** WORK INSTRUCTIONS **
In the entries below, which lines run from the one with "Multicolor long sleeve" through the one with "Ash Street Partners"? Repeat exactly those, both included, and no pictures.

** RECORDS SHOWN **
========
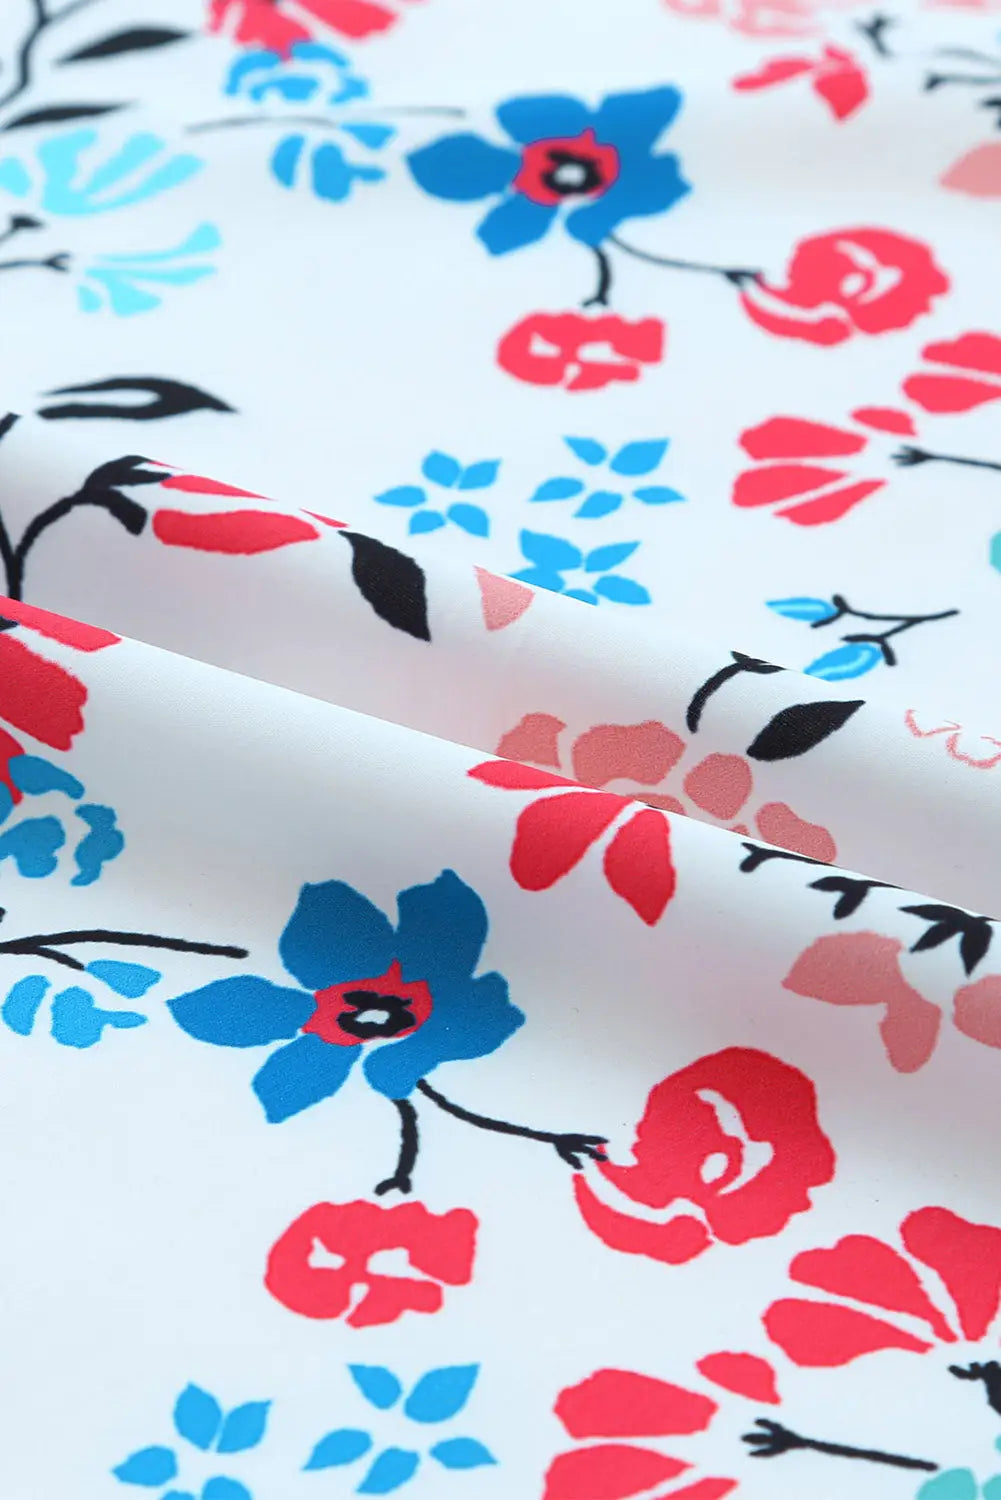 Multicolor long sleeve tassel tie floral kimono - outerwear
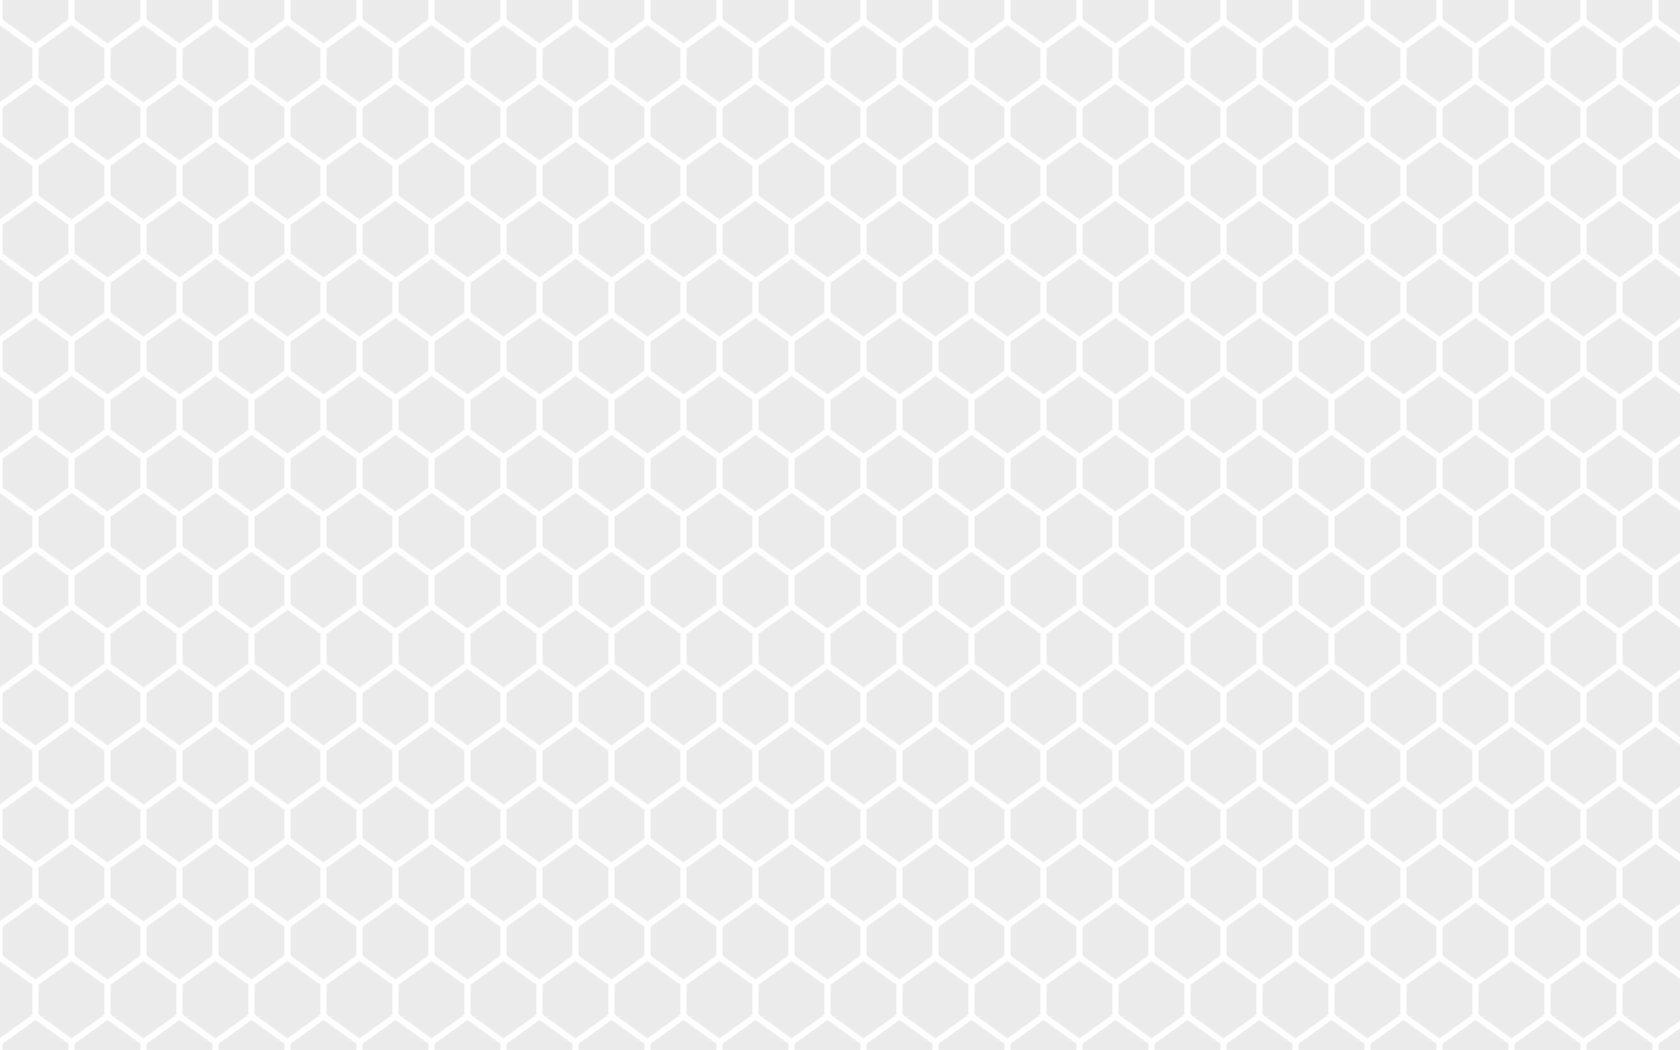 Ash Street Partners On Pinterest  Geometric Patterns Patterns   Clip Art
========
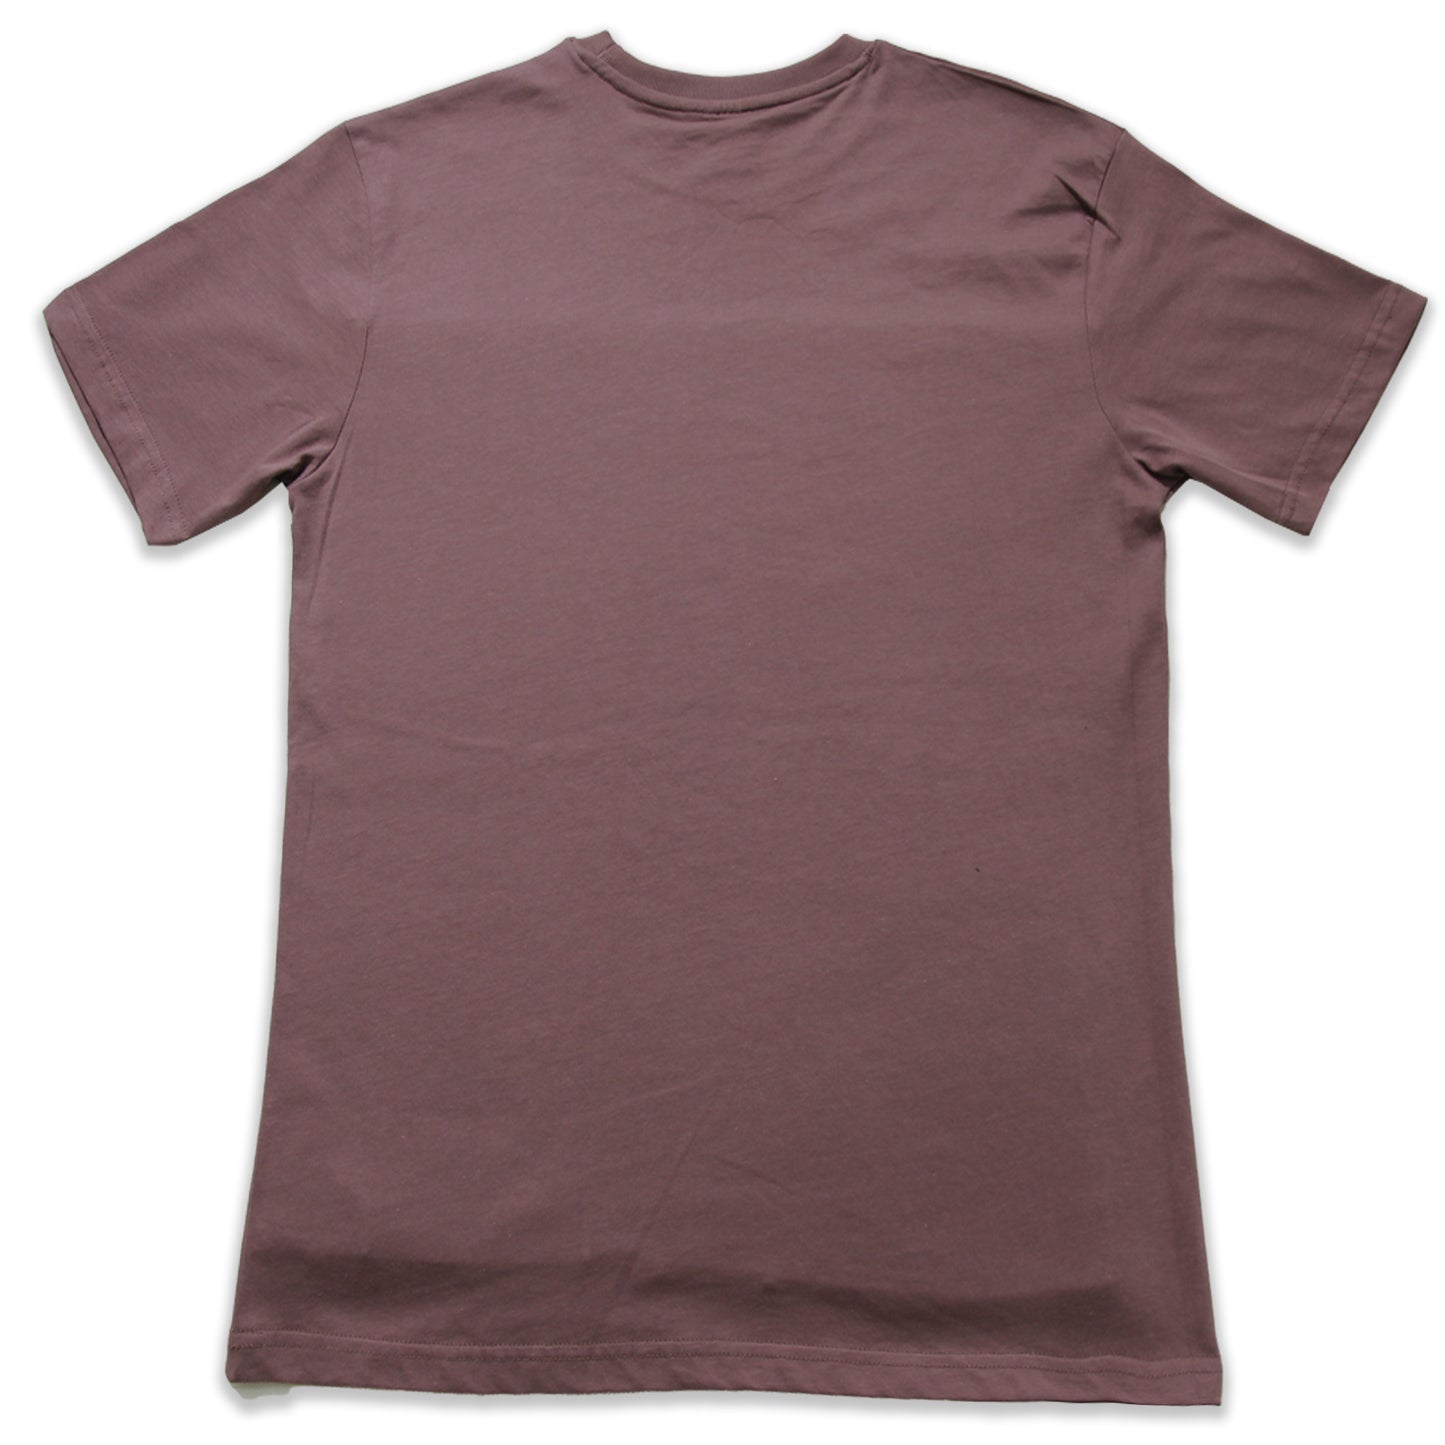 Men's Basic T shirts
========
** SOLUTION FOR THIS EXERCISE **
 Multicolor long sleeve tassel tie floral kimono - outerwear
 Ash Street Partners On Pinterest  Geometric Patterns Patterns   Clip Art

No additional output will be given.